How Things Work: Supersonic Inlets
- By Diane Tedeschi
- Air & Space magazine, November 2002
“We were in a turn and climbing when one of the inlets showed signs of instability. Shortly thereafter—KER BLAM!—the aircraft slammed my head against the side of the cockpit and then momentarily became unstable as it yawed, pitched, and vibrated.”
This is an account of a supersonic engine inlet failure, or “unstart,” recalled by retired reconnaissance systems officer Roger Jacks in SR-71 Revealed, a book by retired Lockheed SR-71 pilot Richard H. Graham. It shows what can happen when a supersonic inlet stops delivering the uniform stream of air upon which efficient jet engine operation depends.
When a jet airplane is flying faster than Mach 1—beyond the speed of sound—the air entering the engines is moving supersonically as well. But no turbojet engine compressor—the rotating disks and blades at the face of the engine that compress the air before it is mixed with fuel—is capable of handling supersonic air flow.
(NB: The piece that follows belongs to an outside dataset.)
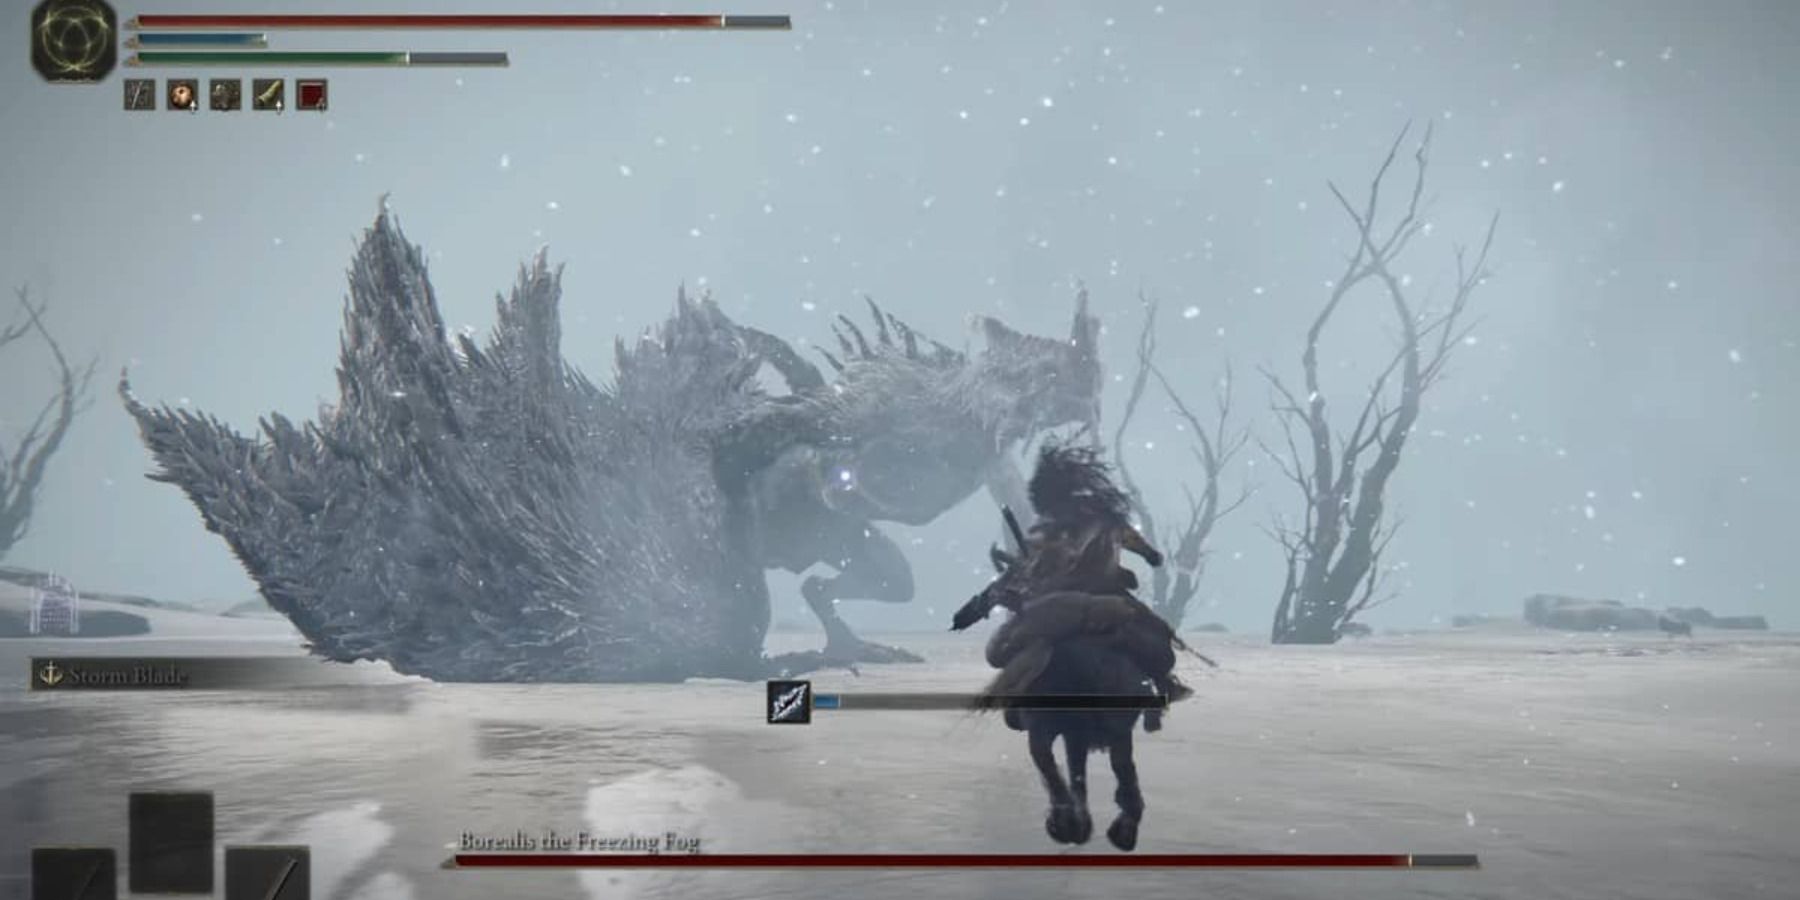 Игрок сражается с Бореалисом, Ледяным Туманом, в Элден Ринге.

The job of an engine inlet is to slow incoming air to subsonic speeds before it passes through the engine.
The inlet’s job is complicated by the fact that air moving supersonically behaves differently from subsonic air. An aircraft flying subsonically pushes through the air ahead of it, with each molecule of air having plenty of time to pass over its wings and fuselage. But as an airplane approaches Mach 1, it compresses the air ahead of it into shock waves—bands of air radiating from the airplane that are much hotter and denser than the ambient air.
Turbojet engines cannot digest the shock waves generated by their inlets, so a crucial role of the inlet is to keep the inevitable shock waves positioned so that they do no harm. The SR-71 Blackbird, a now-retired twin-engine reconnaissance aircraft, has an inlet design based on a cone-shaped body, or spike, that generates an oblique-angled, cone-shaped shock wave at the inlet’s entrance and a normal shock wave—one rising at a right angle from the direction of air flow—just aft of the internal inlet throat.
As the SR-71 increases its speed, the inlet varies its exterior and interior geometry to keep the cone-shaped shock wave and the normal shock wave optimally positioned. Inlet geometry is altered when the spike retracts toward the engine, approximately 1.6 inches per 0.1 Mach. At Mach 3.2, with the spike fully aft, the air-stream-capture area has increased by 112 percent and the throat area has shrunk by 54 percent.
The cone shape of the spike also incrementally reduces the speed of the incoming supersonic air without producing a drastic loss of pressure. The farther back over the cone the air moves, the more speed it bleeds off. As the slowed, but still supersonic, air continues to move farther into the inlet, the normal shock wave springs up between the inlet throat and the engine compressor—exactly where it is supposed to be. Once there, the normal shock wave slows the air passing through it to subsonic speeds, preparing it to enter the compressor.
It is a constant balancing act to keep the normal shock wave in the right position. The inlet has an internal pressure sensor, and when it detects that the pressure has grown too great, it triggers the forward bypass doors to open, expelling excess air. The inlet also has a set of aft bypass doors, controlled by the pilot. The forward and aft bypass doors work in opposition to each other: Opening the aft doors causes the forward doors to close, and when the pilot closes the aft doors, the forward doors open in turn.